I have not said anything about the structure of the Act and I should do so. There is a presumption with respect to shared parental responsibility in the legislation. That is clearly rebutted by the emotional and psychological abuse to which I have referred and the dysfunctional relationship between the parties. In those circumstances, it is also clearly completely against the child’s best interests that the parties should share equal time or even substantial and significant time with the child.
The real balance here flows from Ms J’s report. On the one hand, in order to reduce the conflict in which the child has been involved, it is necessary to reduce the time that she spends with her mother. On the other hand, a reduction by too much in that time runs the significant risk of placing Mr Agies in a position of undue power with respect to the child, thereby running the very great risk of his destroying the relationship between mother and daughter. In my view, the recommendation of Ms J for every third to fourth Saturday goes too far towards the latter, that is, empowering Mr Agies, but the proposal, for example, as to the present status quo of every second weekend is unrealistic. I accept Ms J’s recommendation that it is desirable to restrict the time to day-time and to relatively short periods to enable Ms McPherson to concentrate on the good things about parenting and not become swallowed up by the need to be critical of Mr Agies. I accordingly accept that a general framework of 10 am to 5 pm is desirable, and I have decided that that should be on every second Saturday in accordance with the ICLs recommendation. There will also be some holiday time, which I will detail shortly in the orders which I will make.

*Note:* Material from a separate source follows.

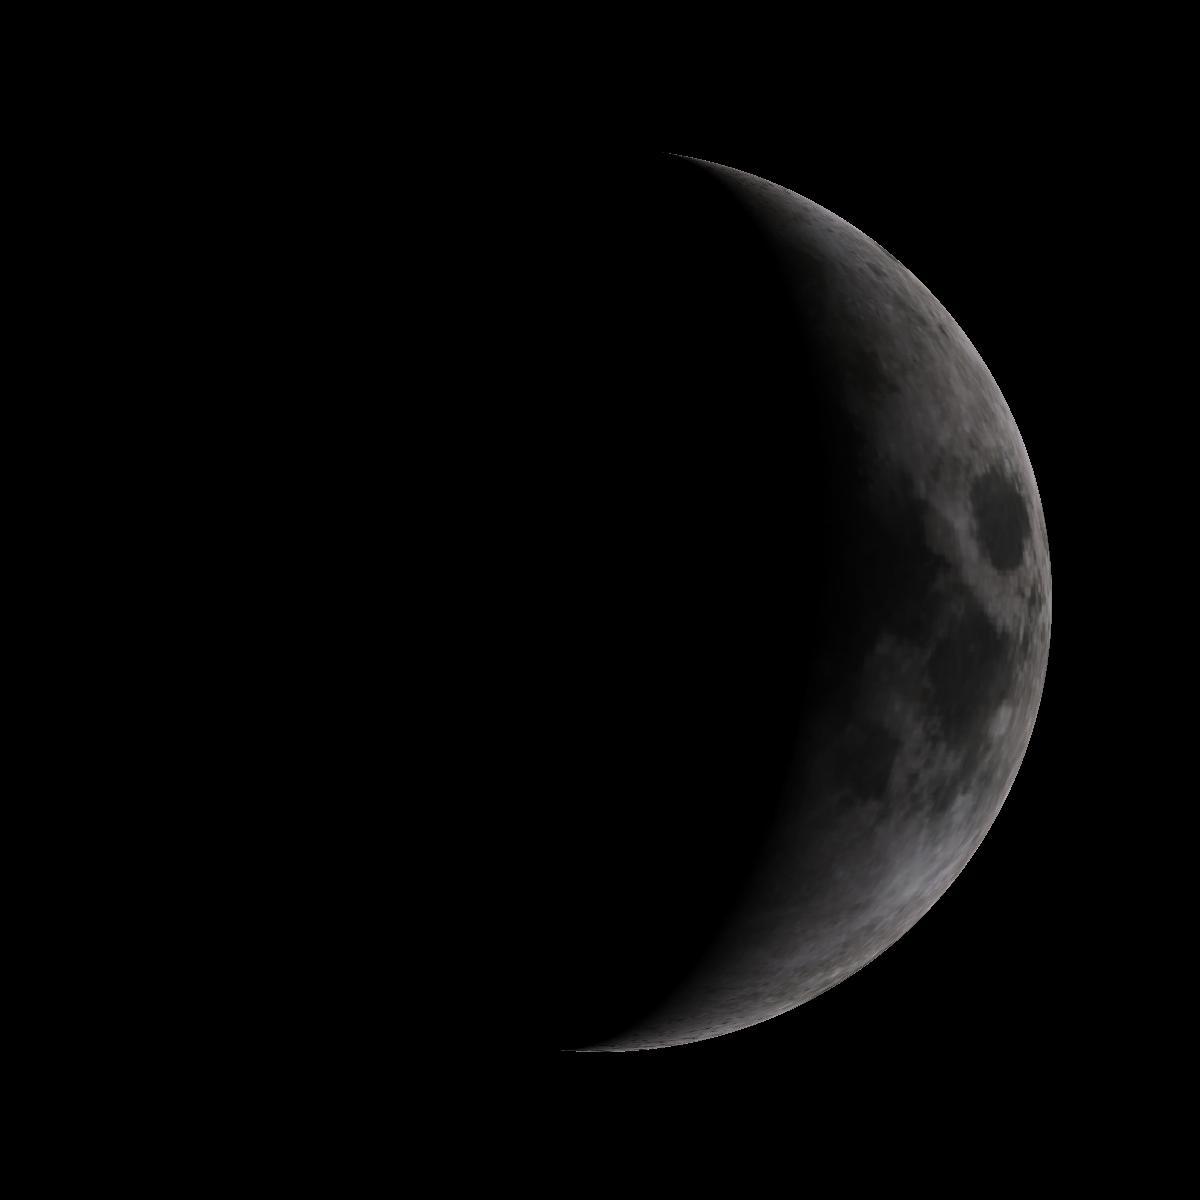 Lune du 30 mars 2020

The one other matter to which I should refer is the application under section 118 with regard to restraining further applications. Section 118 of the Act empowers me to:
...at any stage of proceedings under this Act, if it is satisfied that proceedings are frivolous or vexatious:
(a) dismiss the proceedings;
(b) make such order as to costs as the Court considers just; and
(c) if the Court considers appropriate, on the application of a party to the proceedings, order that the person who instituted the proceedings shall not, without leave of the Court having jurisdiction under this Act, institute proceedings under this Act of the kind or kinds specified in the order
An order made by a Court under paragraph (c) has effect notwithstanding any other provision of this Act.
That is subsection (1).
It is a necessary precondition to the operation of the section that it be established that these proceedings are frivolous or vexatious. I also refer to the decision of the Full Court in Bennett v Bennett (2001) FLC 93-088 with regard to the unavailability of section 68B or any other provision to achieve the same purpose given the particularity of section 118. In the circumstances, I am not satisfied that these proceedings are frivolous or vexatious, particularly given that both parties are agreed that the final orders made by Guest J to which I have referred have to be varied in the best interests of the child. In those circumstances, I reject that application, but I would point out, without seeking to influence or bind any future judicial officer who might consider this matter, that further proceedings might be regarded as being in a different category.
I certify that the preceding forty-three (43) paragraphs are a true copy of the reasons for judgment of the Honourable Justice Mushin delivered on 24 September 2010.